The effects of a semiflexible, one-piece, open-loop anterior-chamber intraocular lens (AC-IOL) implanted after intracapsular or extracapsular cataract extraction complicated by posterior-capsular or zonular rupture on intraocular pressure (IOP) level and the control of previous glaucoma were studied in 48 eyes with primary implantation and in 10 eyes with secondary implantation. Fifty-four percent of the eyes with primary implantation had exfoliation syndrome; anterior vitrectomy was performed in 60.4%.
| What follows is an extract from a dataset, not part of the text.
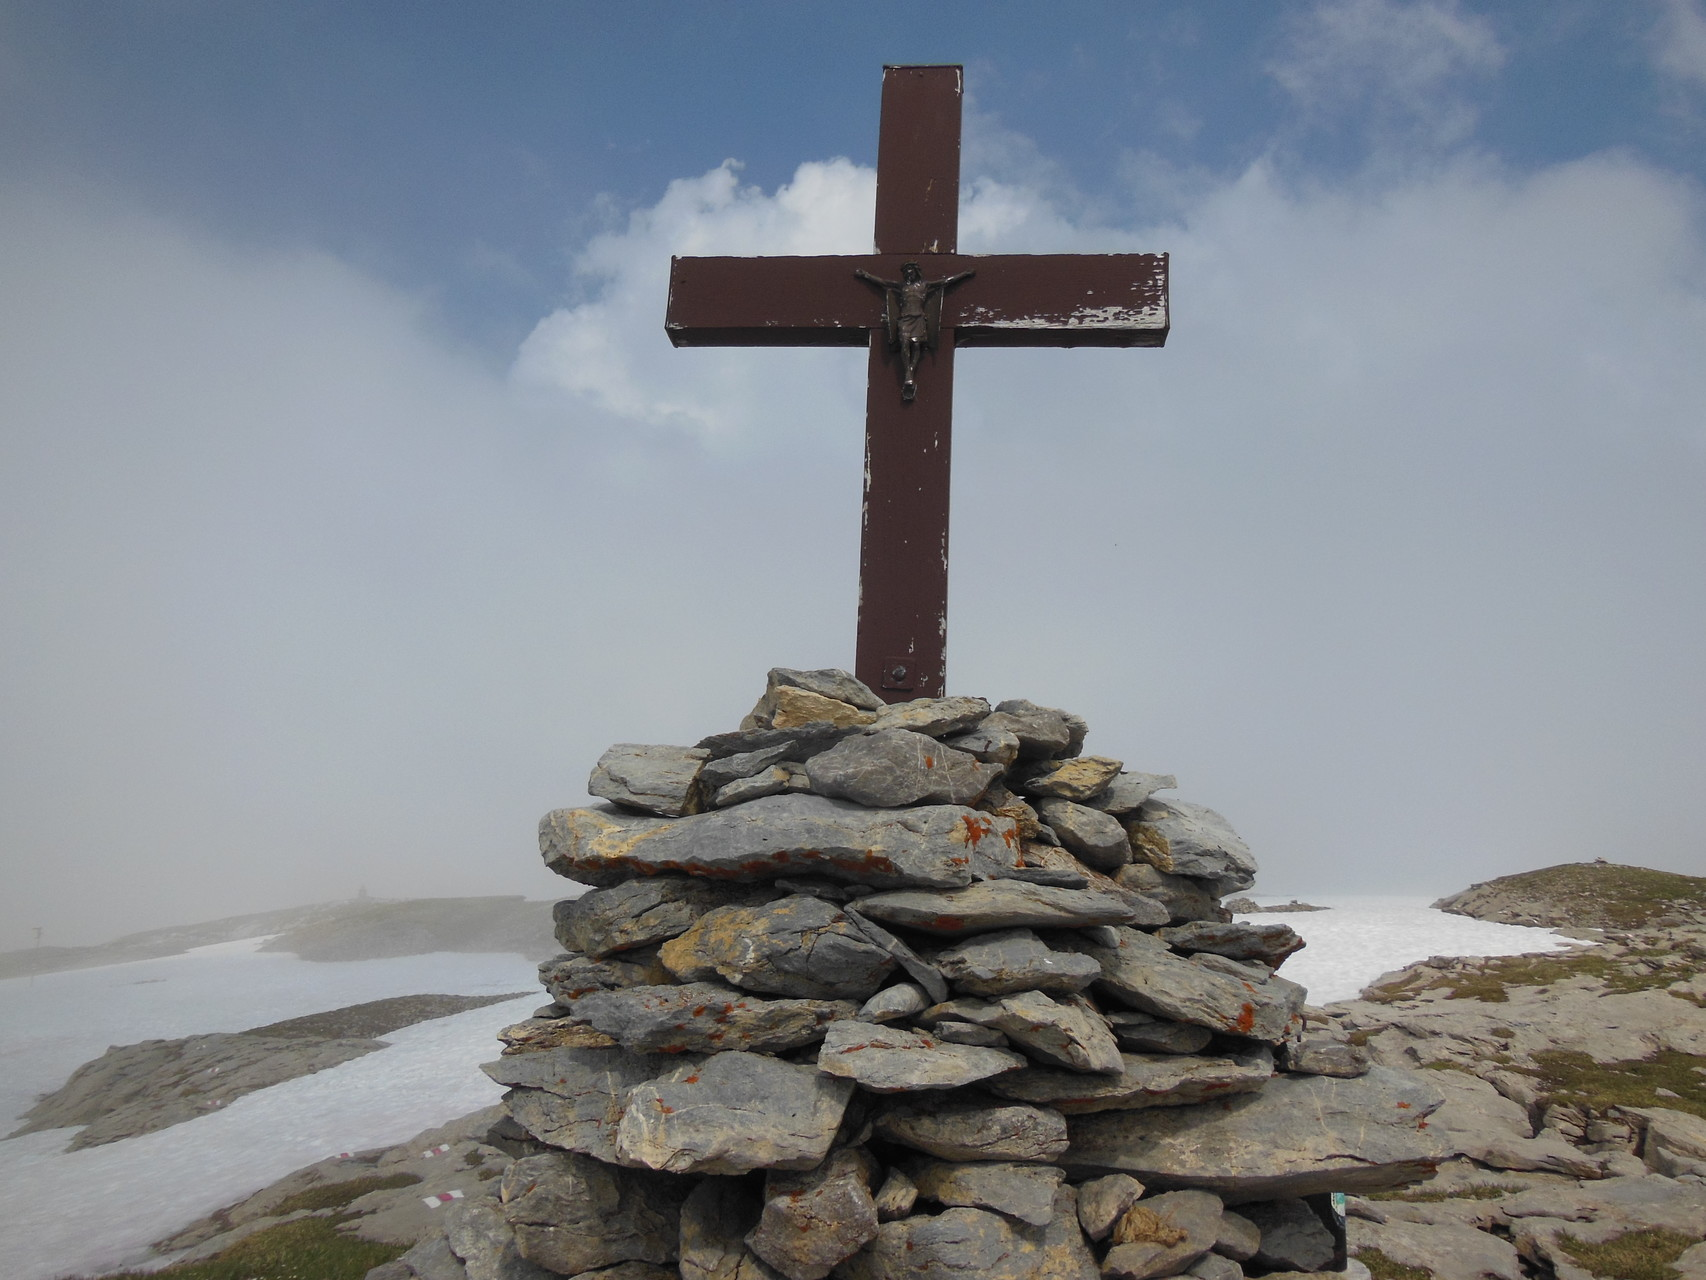 Gipfelkreuz Silberen (Twärenen)
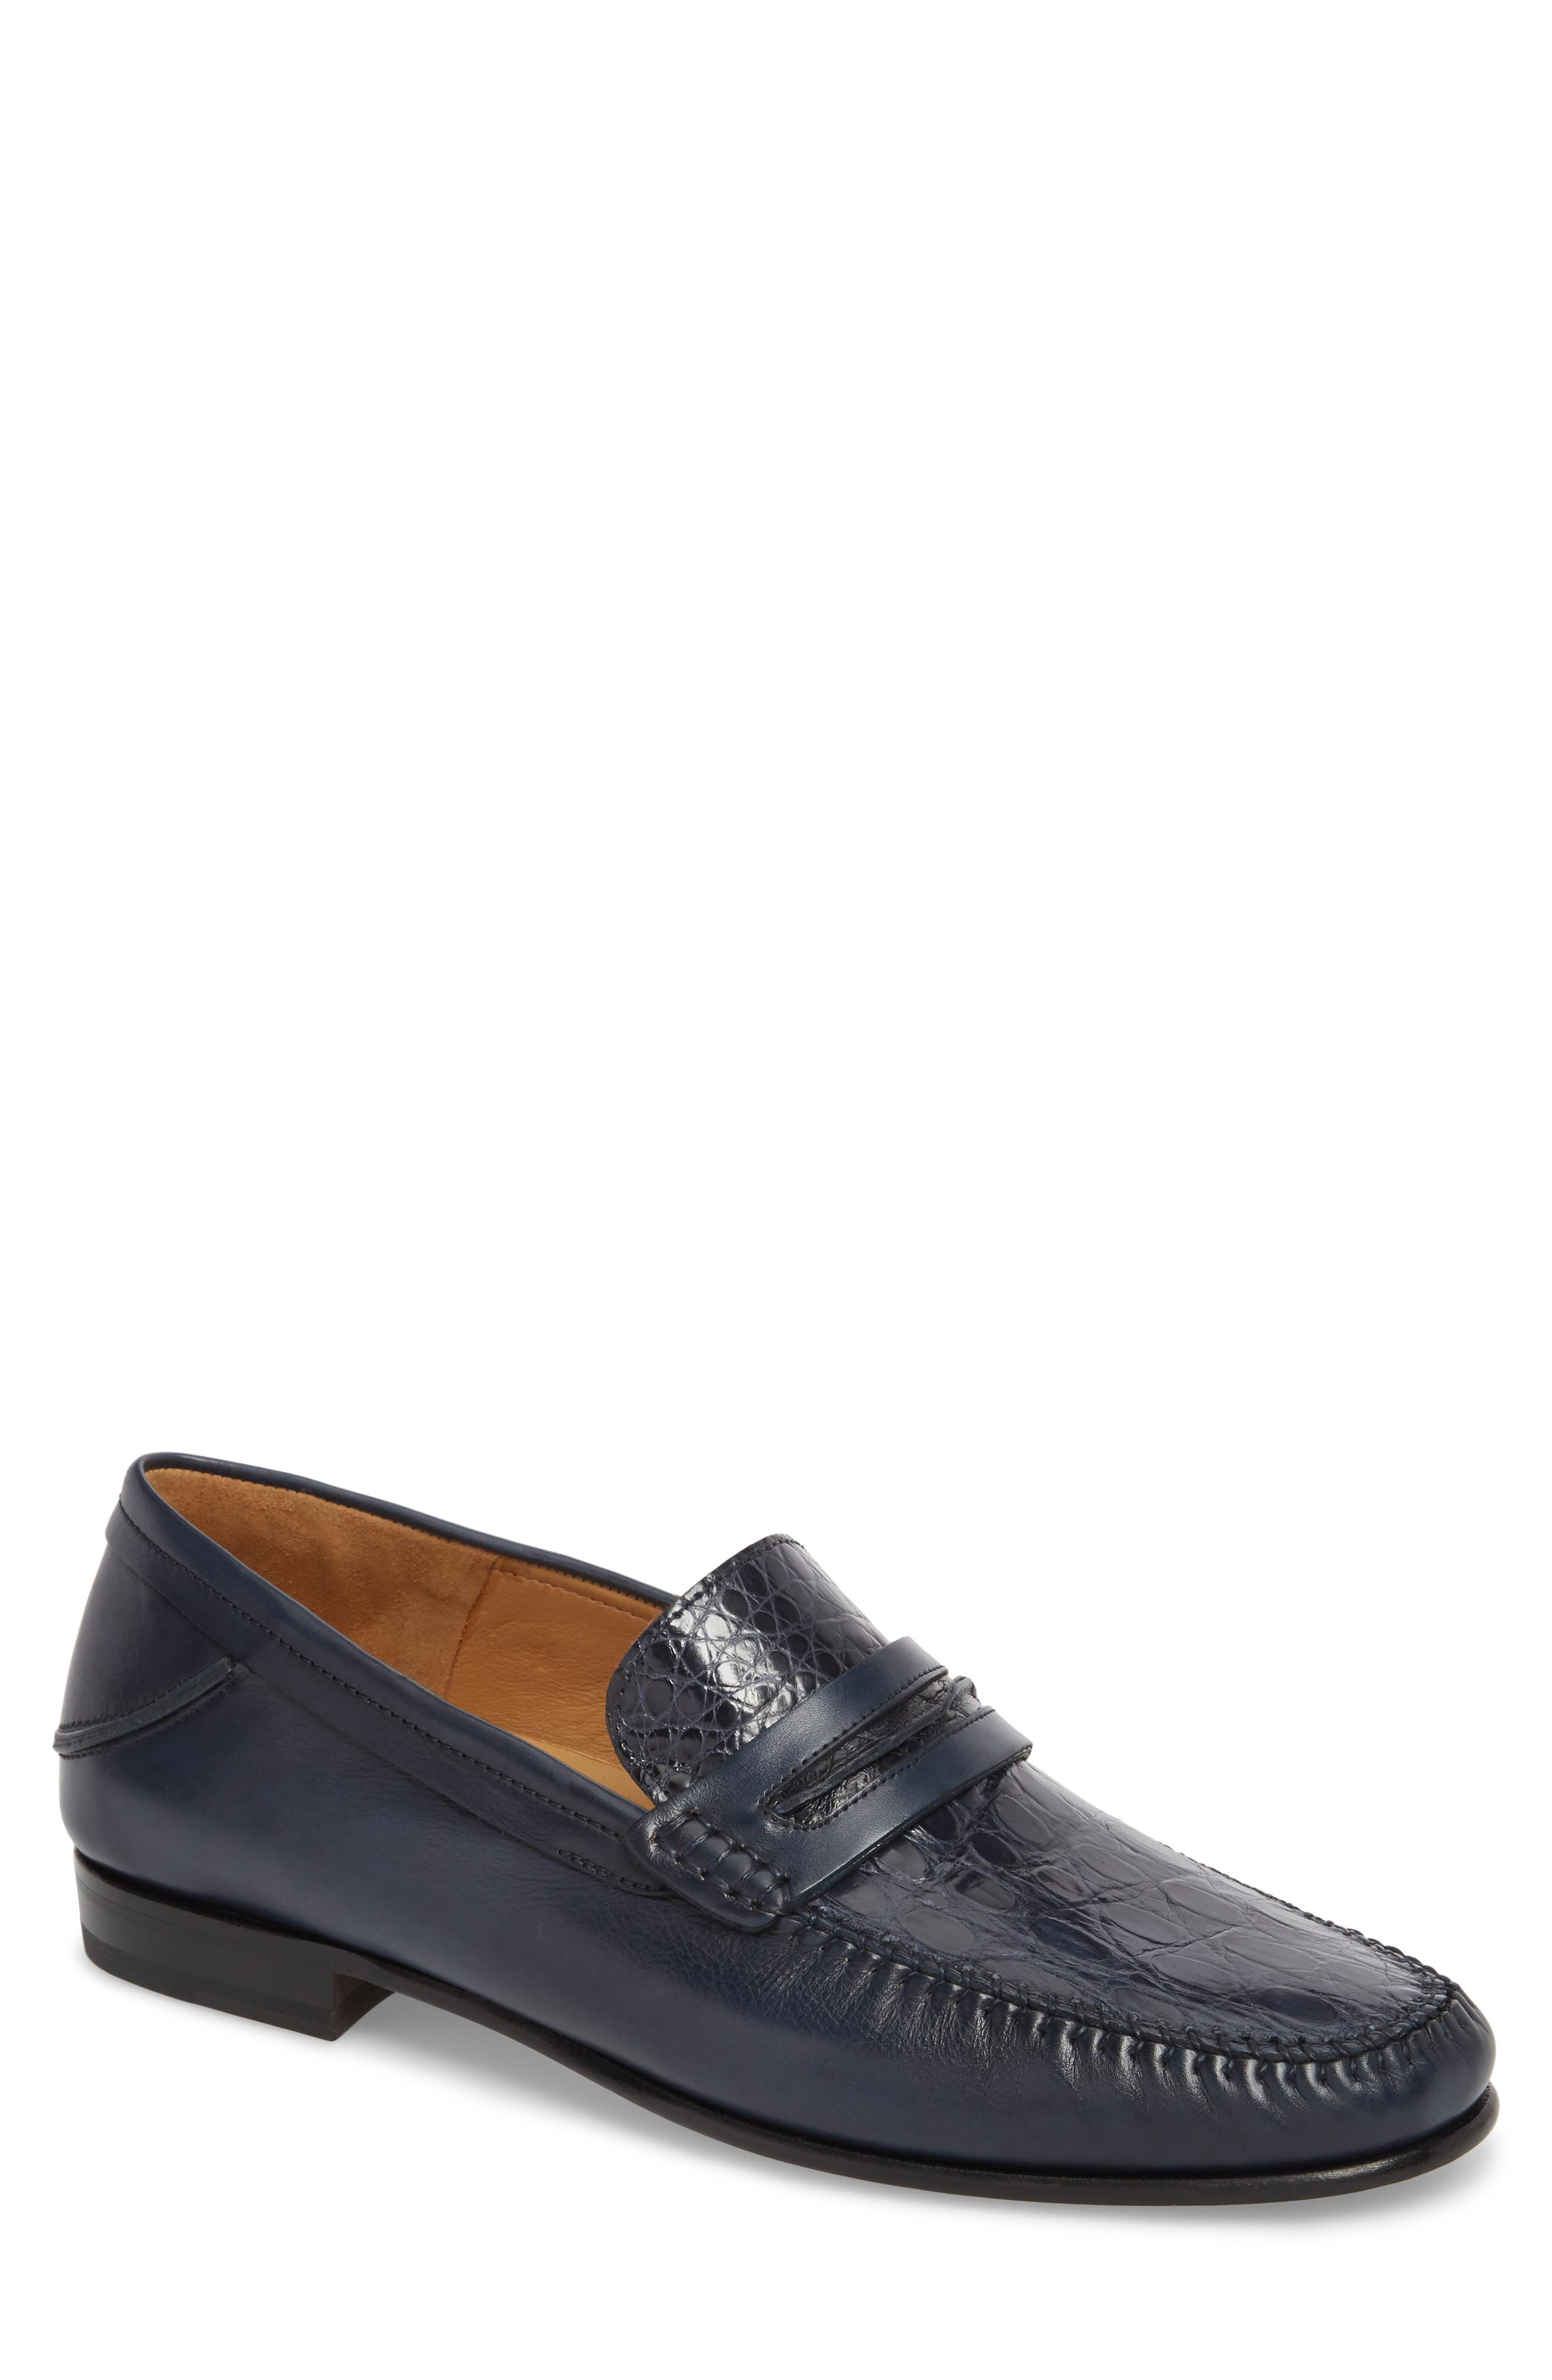 Kronos Moc Toe Penny Loafer,                         Main,                         color, Blue Leather

An immediate pressure rise (IOP ≥30 mm Hg) was observed in 29.3% of the eyes. The long-term IOP level (median follow up, 21.5 months) was ≥20 mm Hg in 83.7% and between 21 and 29 mm Hg in the remaining 16.3%. In three of the nine glaucomatous eyes, the medication had to be increased; in the remaining six, the IOP could be controlled with the previous or reduced medication or with none at all. In three out of the 49 (6.1%) nonglaucomatous eyes, glaucoma medication was started during the follow up. All of these eyes had exfoliation syndrome and two of the fellow eyes had similar IOPs and were receiving similar medication.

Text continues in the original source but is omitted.